The aim of antitrust law (respectively cartell law) is to protect unrestricted and undistorted competition.. To this end, antitrust law, which is strongly influenced by European law, is based on three major regulatory issues:
1. Prohibition of agreements restricting competition
Central provisions of antitrust law contain a ban on agreements restricting competition. The scope of the corresponding bans is large, greater than often assumed. In particular, restrictions or prohibitions apply not only to so-called “hardcore cartels”, which at first glance appear problematic and in which customer groups are divided between competitors or prices are agreed. Instead, agreements that have a much less direct impact on competition are also subject to antitrust regulations and therefore need to be carefully designed. These include vertical agreements such as authorised dealer agreements, which may give rise to antitrust concerns, for example as a result of provisions on the granting of territorial exclusivity. Similarly, licence agreements, for example, also need to be reviewed from an antitrust perspective, as restrictions on the licencee’s activities must often be agreed in order to protect the licenced rights. Contracts for research and development cooperation or for cooperation in production also regularly require antitrust review as to whether contracts which, for example, prescribe the exploitation of the research results or the produced goods by one party only restrict competition in an unlawful manner.
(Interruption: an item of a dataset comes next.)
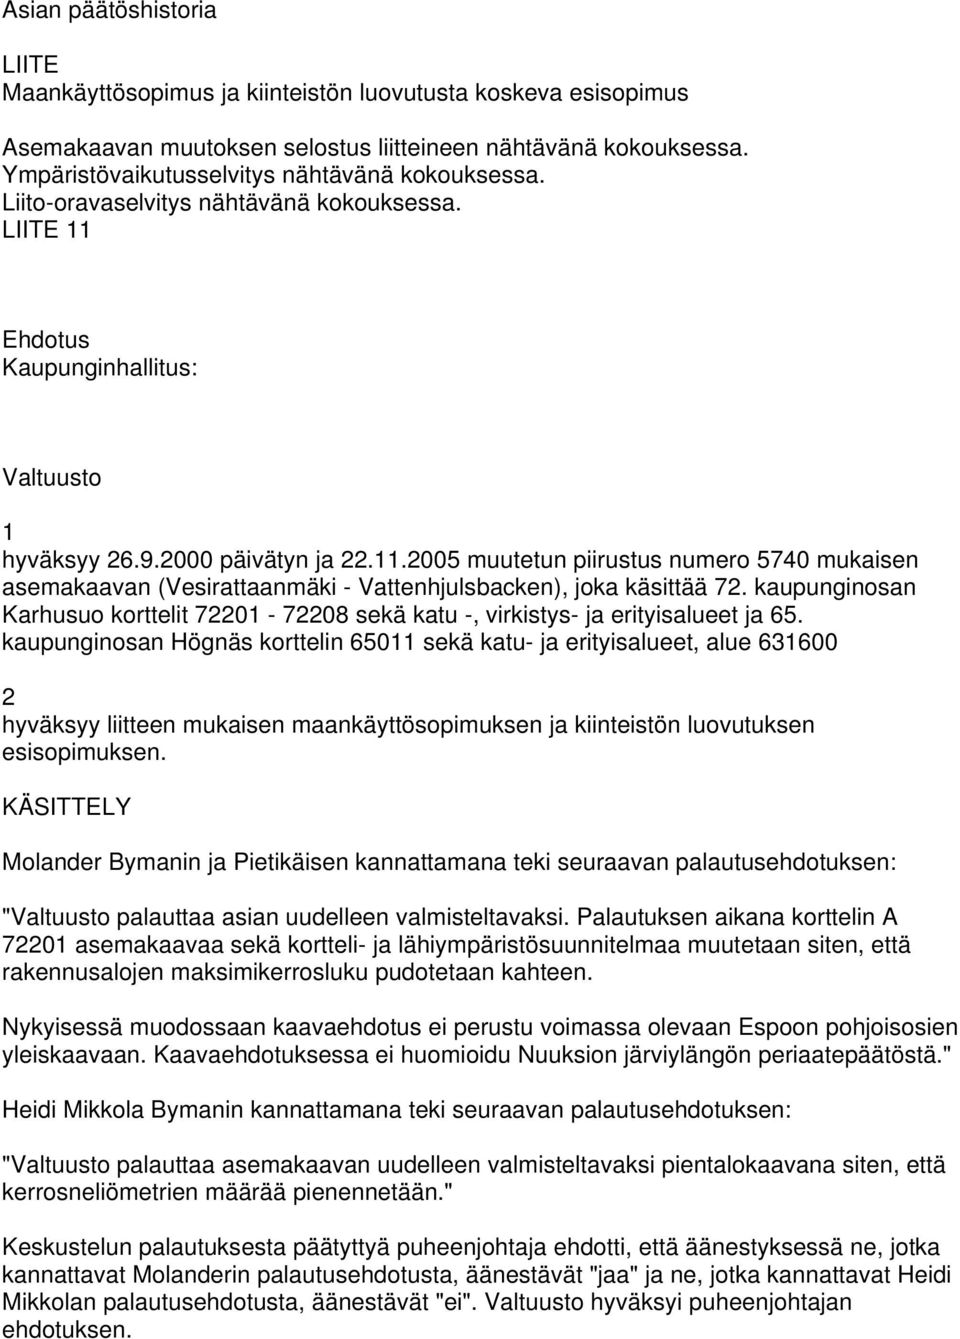 Ehdotus Kaupunginhallitus: Valtuusto 1 hyväksyy 26.9.2000 päivätyn ja 22.11.2005 muutetun piirustus numero 5740 mukaisen asemakaavan (Vesirattaanmäki - Vattenhjulsbacken), joka käsittää 72.

2. Prohibition of abuse of a dominant position
Antitrust law also covers rules restricting the abuse of a dominant market position. A company which holds a dominant position (and this is already obvious with a market share of 40%) may only make limited use of the freedom of contract. Rather, in principle, it must treat other companies equally, for example with regard to deliveries, or may only treat them differently for an objectively justified reason. Nor may the dominant market position be used to request fees or other terms and conditions (such as contract terms, links with other products) which could not be achieved without a dominant position.
3. Merger control
Finally, merger control is the subject of antitrust law. Above certain thresholds, acquisitions and mergers require the prior approval of the relevant cartel authorities.
While merger control requires that a company be a certain size (which may well be the case for small and medium-sized companies), the rules prohibiting agreements restricting competition and abusing a dominant market position apply irrespective of the (absolute) size of the company. They are therefore also relevant for small and medium-sized enterprises. In this respect, cartel law only ties in with market shares (subject to certain restrictions). It should be noted that specialised companies in particular can quickly achieve very high market shares, which can lead to the applicability of strict antitrust regulations.
Cartel law standards are of great importance in the practice of contract drafting and execution. This is not only due to the fact that in the event of a violation of cartel regulations in Germany significant fines (based on the company’s turnover) and additional fines against the responsible persons can be imposed, but also that agreements that violate cartel law are invalid and therefore contracts that contain cartel violations are subject to considerable uncertainty. In addition, there are financial risks from possible for damage claims by business partners injured by a cartel. In many foreign countries, violations of cartel law even constitute criminal offences. The resulting risk of criminal prosecution also affects domestic persons and companies, since the applicability of cartel regulations typically depends on the market in which an activity is carried out, i.e. an activity carried out from Germany in a foreign market must also be measured by local cartel standards.